Just five minutes walk away in the business section of Nihombashi are the offices of Merrill Lynch Japan Securities. There, Yohei Osade is the head of Japan research. Originally employed by Daiwa Securities--with whom he spent seven years in Europe, mainly as a Japanese equity salesman based in Milan, Italy—Osade joined Merrill Lynch in l998, and moved back to Tokyo with the giant firm. His take on Japanese stocks, as head of research with a background as a salesman, seems to be that he must be able to offer the clients new ways of looking at Japanese stocks. He says that he changed his methods as recently as the last few months. Japan, he notes, used to be “independent.” Now it is “part of Asia.” Accordingly the reports by his 34 analysts in Tokyo have got to take account of global trends, first and foremost. From a couple of months ago, Osade has required that his analysts start work on their reports by considering, first, the “global counterparts” of the firms they are looking at. They must start overseas. By such means, he says, his analysts can produce “high value added reports”. Clients have been impressed by Osade’s rigor. Merrill Lynch shot up from No 11 to joint No 1 with Nomura in the All-Japan Research Team 2011 rankings.

Morgan Stanley, the US investment bank, is a firm with a commitment, as regards research in equities in Japan. Last year the bank joined hands with Mitsubishi UFJ Financial Group (MUFG) to set up two joint ventures in the securities field in Japan. One of these two JV’s, Morgan Stanley MUFG Securities, targets mainly institutional investors. Stefan Pendert, a managing director, is a pivotal figure in the firm; he serves as both head of sales and head of research at the same time. The idea is to serve clients “(using) the research department as the heart of our advisory business,” according to Pendert, who declines to be more specific but indicates that it is unusual for the research chief and the sales boss to be one and the same person.

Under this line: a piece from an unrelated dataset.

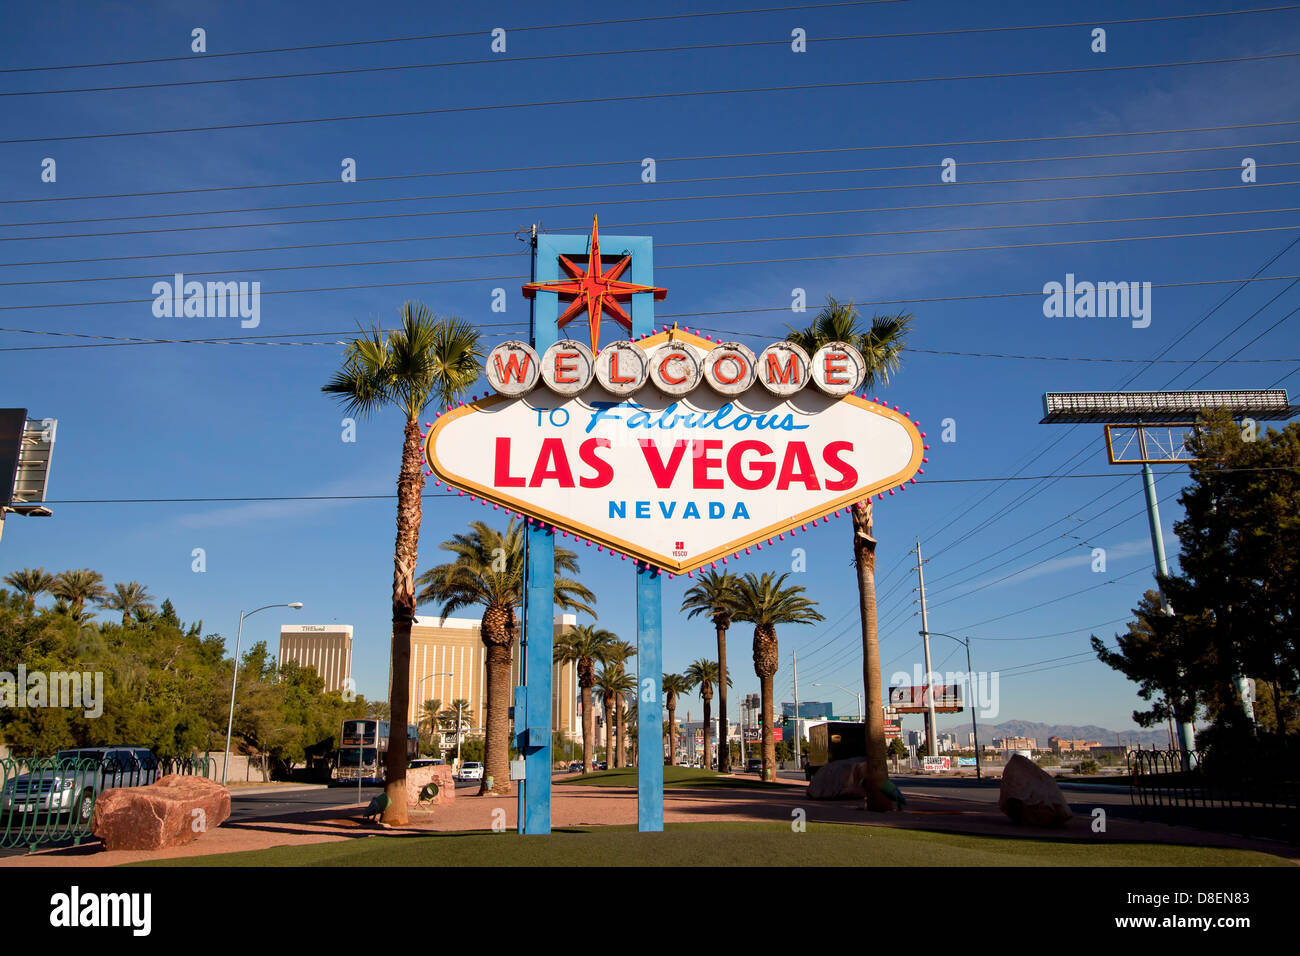 der berühmte melden Sie willkommen im fabelhaften Las Vegas, Nevada in Las Vegas, Nevada, Vereinigte Staaten von Amerika, USA Stockfoto

Yet another research chief with high ambitions for Japan is Orlando Faulks, a managing director of Global Markets Research-Japan at Deutsche Securities, a unit of the Deutsche Bank Group. Faulks has drawn attention by his selection of top-ranked analysts, resulting in his firm’s stronger performance in the 2011 ranking (joint No 6 with Morgan Stanley MUFG Securities). Asked to name his priority as research chief Faulks responds that it is “to keep open communication with all the people” involved in research in the firm. Doing this is “extremely time-consuming” but indispensable to keeping up with others. People can be the key to performance in all firms. At the time of writing Chikara Nakamura, newly appointed on April 1, as senior managing director at Daiwa Securities Capital Markets, in succession to Masatoshi Makino, was doing the rounds within his company, to secure support for Daiwa’s ongoing efforts in research. Daiwa this year slipped back in the rankings from joint No 1 with Nomura, to No. 3. Nakamura declined to speak to Institutional Investor, saying that he was busy with intra-mural calls. Daiwa has been Nomura’s biggest rival among the Japanese brokers for years. Nakamura wants to shoot back up to No. 1 spot again, next year. However, competition is getting to be a lot tougher these days. Communications skills are vital. Keeping the clients happy is three-quarters of the battle these days, the players say. “We’ve gone from being contents-oriented to services-oriented,” says Konomi of Nomura.